Great solution gpk. I'm in the process of learning how to use custom modules with drupal. If you have some time, what is the exact php syntax to invoke the node_update_index function? I plan on hardwiring the php call into a custom php rule that fires after new content is published. I'll keep on looking for an example of invoking other modules that I can imitate. Thanks.

gpk’s picture

The exact PHP syntax would be just node_update_index() (see the link above: no arguments are shown). This would cause the entire search index for nodes to be updated. Probably there would only be the one node to do, but possibly it might take a few seconds to run if other updates are needed for some reason.

A better way might be to use _node_index_node($object) where $object is the node you have just created/edited and is passed in to your custom action by the trigger/actions system (you will have set the action's 'type' = 'node').

HTH,

Ariesto’s picture

Priority: Normal » Minor

Thanks for your help gpk. I successfully wired the node_update_index() function to the action module. I don't have time right now, but hopefully sometime in the future I'll do the more precise solution you suggested above.

gpk’s picture

For reference, here is the code I am currently using to force nodes to be indexed immediately on node creation/update:

immediate_index.module

/**
 * Implementation of hook_action_info()
 */
function immediate_index_action_info() {
  return array(
    'immediate_index_index_node_action' => array(
      'description' => t('Index post'),
      'type' => 'node',
      'configurable' => FALSE,
      'hooks' => array(
        // We can't use the 'presave' $op since the action of indexing a node
        // retrieves the node from the database, i.e. the action needs to take
        // place after saving the node.
        'nodeapi' => array('insert', 'update'),
        // Could in princple add any/all of the hook_comment() actions, i.e.
        // insert, update, delete, publish, unpublish.
      )
    )
  );
}

/**
 * Implementation of a Drupal action.
 * Indexes a node.
 *
 * This actually gets invoked via the trigger_nodeapi (and potentially
 * trigger_comment) hook implementation, i.e. after search_nodeapi has
 * marked the node as needing to be reindexed. 
 */
function immediate_index_index_node_action($node, $context = array()) {
  // If search.module is not enabled then do nothing.
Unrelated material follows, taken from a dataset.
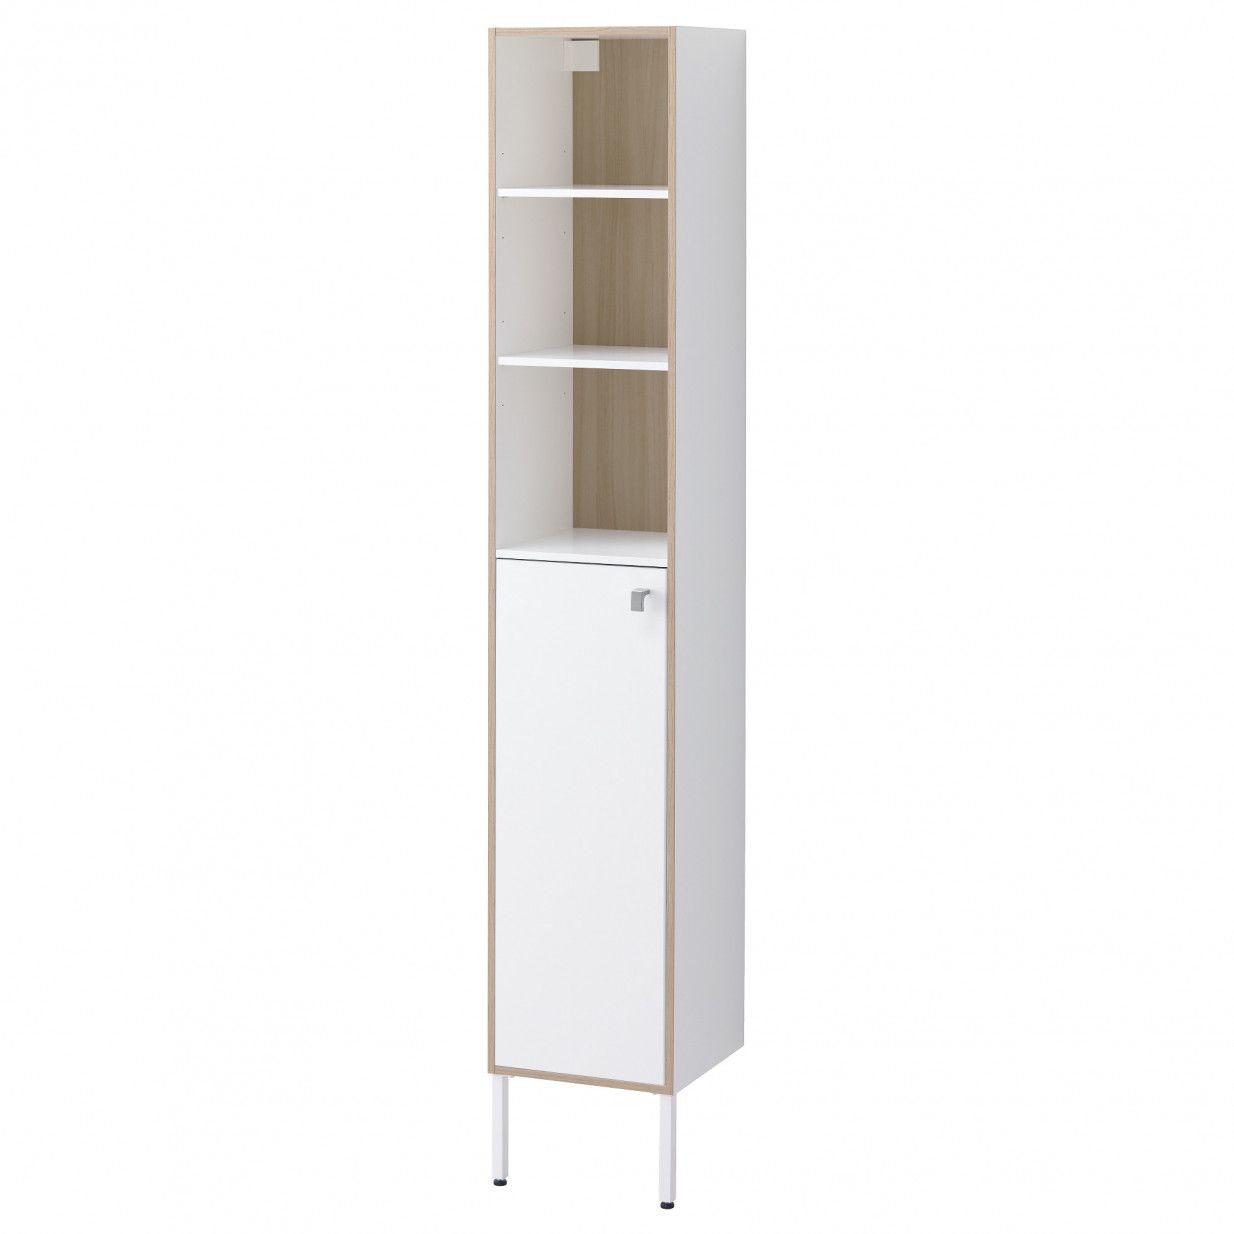 Tall Bathroom Storage Cabinet Ikea pinhendro birowo on modern design low budget | pinterest | tall

Could alternatively
  // put this functionality in a separate module with search as a dependency.
  if (module_exists('search')) {
    // Need to reset the static node cache!
    node_load(NULL, NULL, TRUE);
    global $user;
    // Save current user
    $current_user = $user;
    // Carry out indexing as anonymous user, for compatibility with CCK content
    // permissions module.
    // Avoid logging the user out in the event something goes wrong (e.g. a
    // drupal_goto() in a PHP node).
    session_save_session(FALSE);
    $user = drupal_anonymous_user();
    _node_index_node($node);
    watchdog('action', 'Indexed @type %title.', array('@type' => node_get_types('name', $node), '%title' => $node->title));
    // This is an essential final step of the indexing process.
    search_update_totals();
    // Restore current user.
    $user = $current_user;
    session_save_session(TRUE);
  }
}

This would also need a .info file of course, which I leave as an exercise for the reader ;-)

Also note that there is a risk (albeit tiny) of typos in the code above because I've renamed the module and therefore have slightly edited the code from what I have running live.